Lines
When you think about it, life is full of lines. Power lines, phone lines, railway lines, the lines that define buildings and streets, cobwebs and even the veins of leaves. For an artist, however, using lines in drawings can give rise to many different philosophies and approaches.
For instance, Paul Klee famously and deliciously said, "A drawing is simply a line going for a walk". That statement goes along with his whimsy and imaginative approach to creating art. Just like his statement that "a line is a dot that went for a walk".
This is beautifully illustrated by one of his numerous drawings. It shows that whilst Klee was clearly drawing very intelligently, and often with deliberate wit and parody, particularly as the Nazis rose to power, nonetheless intuition and pure creativity flowed happily.

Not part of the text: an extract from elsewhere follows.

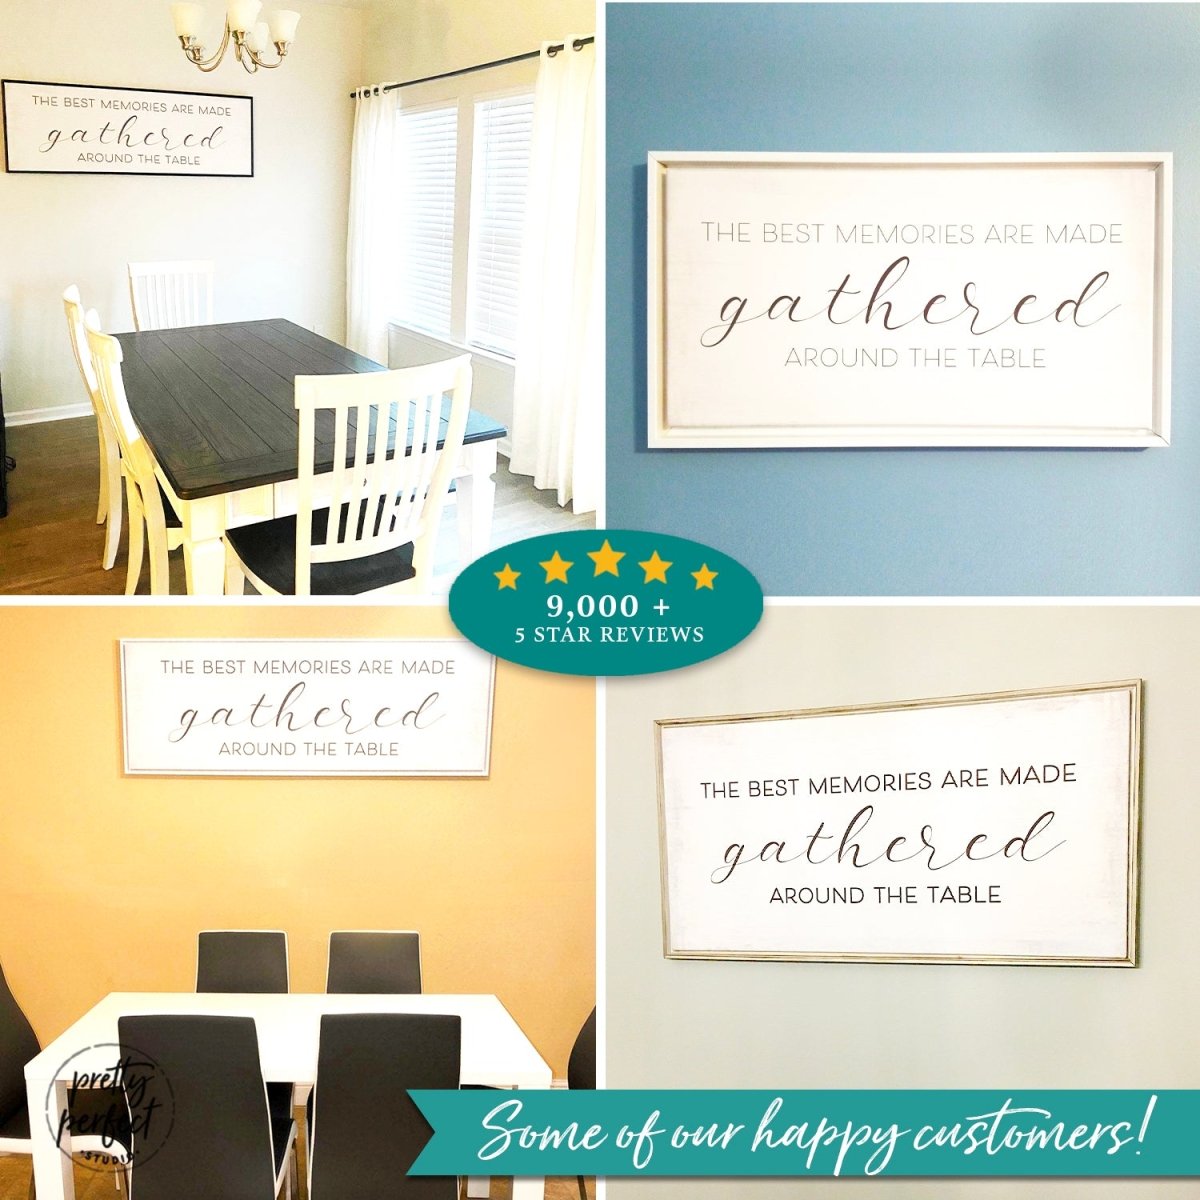 Customer product review for the best memories are made gathered around the table wall art by Pretty Perfect Studio

Another artist who allows the line simply to flow from her, without premeditation, is Christine Hiebert. Very widely exhibited and heralded for her inventive approach to drawing with media ranging from blue tape to charcoal, she investigates the nature and language of line. She starts a drawing on a blank wall empty of ideas, not using a pre-drawn sketch. She says, "The final outcome is always something I didn't anticipate. The process can be unsettling, but that is how I prefer to work. For me, drawing starts with the problem of the line, how to form it and how to follow it. In a way, it ends with the line too. The line remains independent, searching, never completely absorbed by the community of its fellows." (Except from her Davis Museum brochure for Reconnaissance, August 2009.)

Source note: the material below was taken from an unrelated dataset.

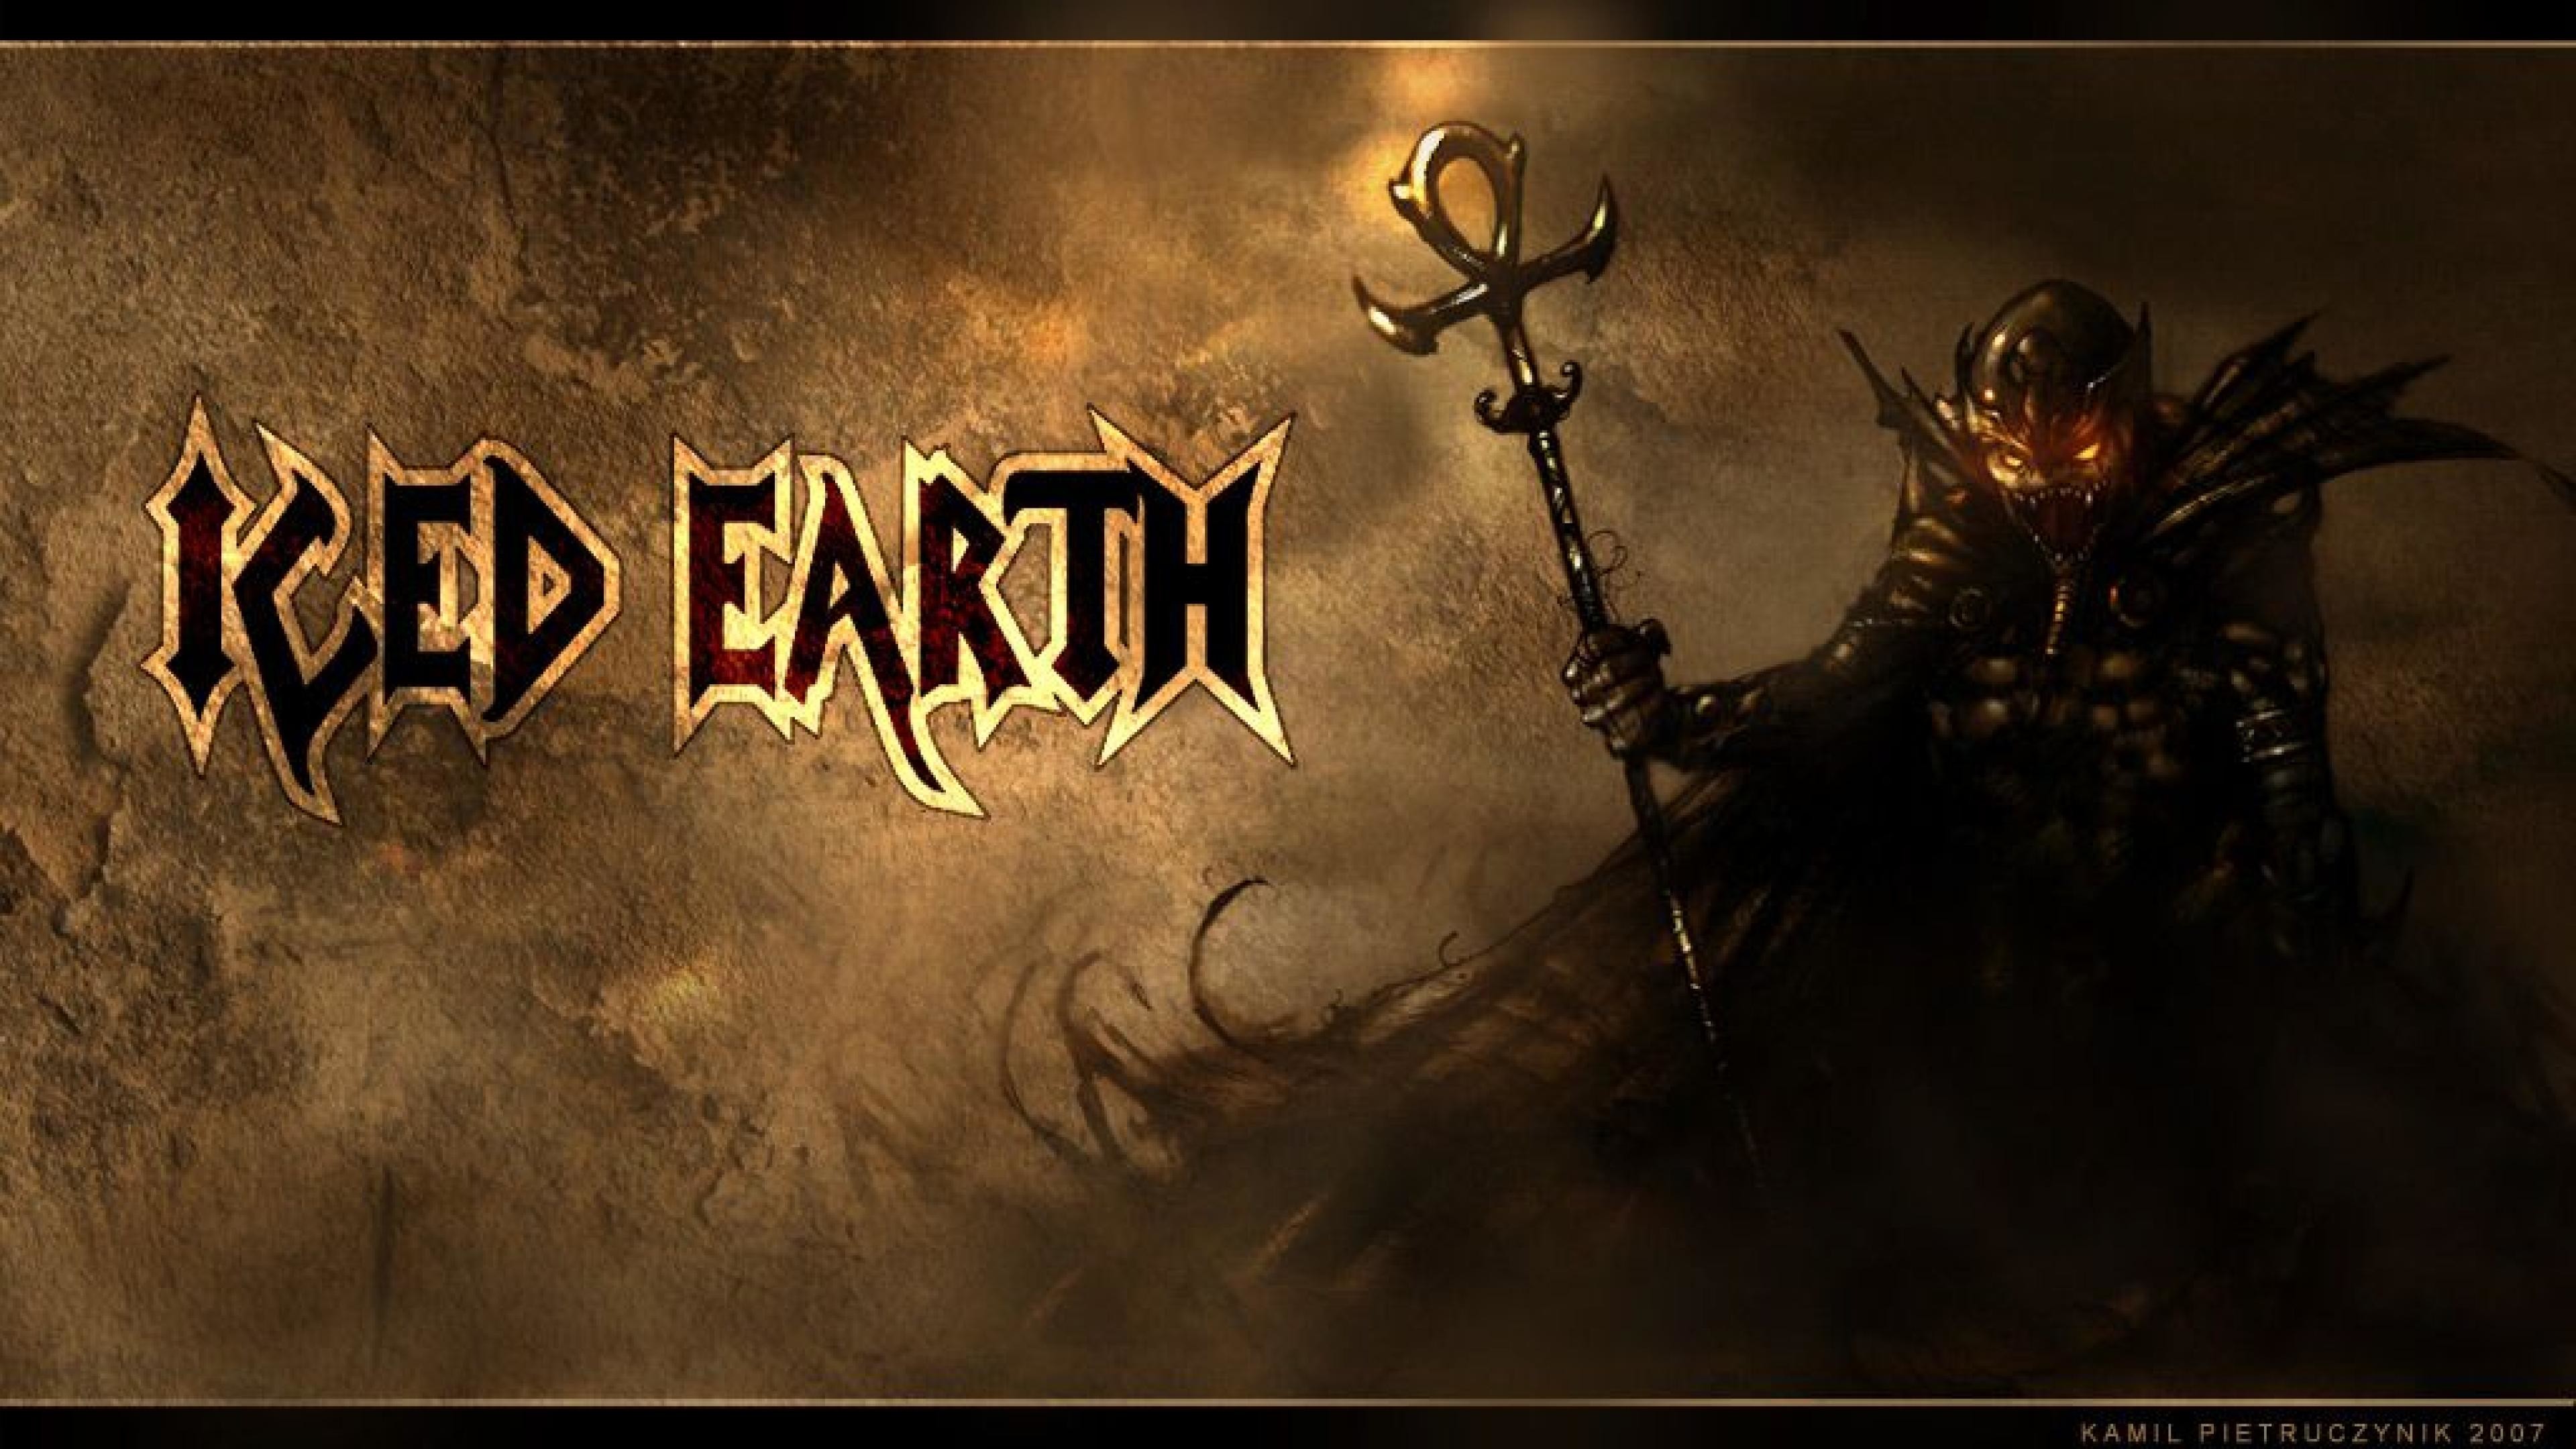 3840x2160 Images for Desktop: Iced Earth

I find her approach of visual thinking through drawing fascinating, because there is also another, more traditional approach to drawing. That is based upon seeing or conceiving of an image which the artist then proceeds to translate, through line, into an permanent image. This has been an accepted way of creating line drawings in Western art since the monks began to delineate their illuminations on vellum and parchment and their heirs, during the Renaissance, brought the art of drawing to great heights. Not only were the lines then used to explore ideas and make studies in preparation for paintings, but the artists also made finished drawings, line after careful line. Indeed, for many centuries, skill in drawing was almost predicated on little erasure, in silverpoint (that permanent line won't budge!), but also in red chalk (the bravura medium), black chalk, pen and ink and even charcoal.

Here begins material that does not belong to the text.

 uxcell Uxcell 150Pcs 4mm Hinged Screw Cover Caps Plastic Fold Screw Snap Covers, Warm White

Today, many artists are pushing the definitions of using line or making drawings far beyond those traditional approaches. Perhaps it is only fitting in a world where man made lines - the power grids, the computer chips, or whatever - predominate.
When a beautiful drawing can be produced by Drawing Machine 2, using a mathematical model, the lines indeed go for their walk. Paul Klee would certainly approve, I am sure. It is good to remember that any approach to lines is possible, as long as we artists allow ourselves to be creative and free. That is my definition of fun!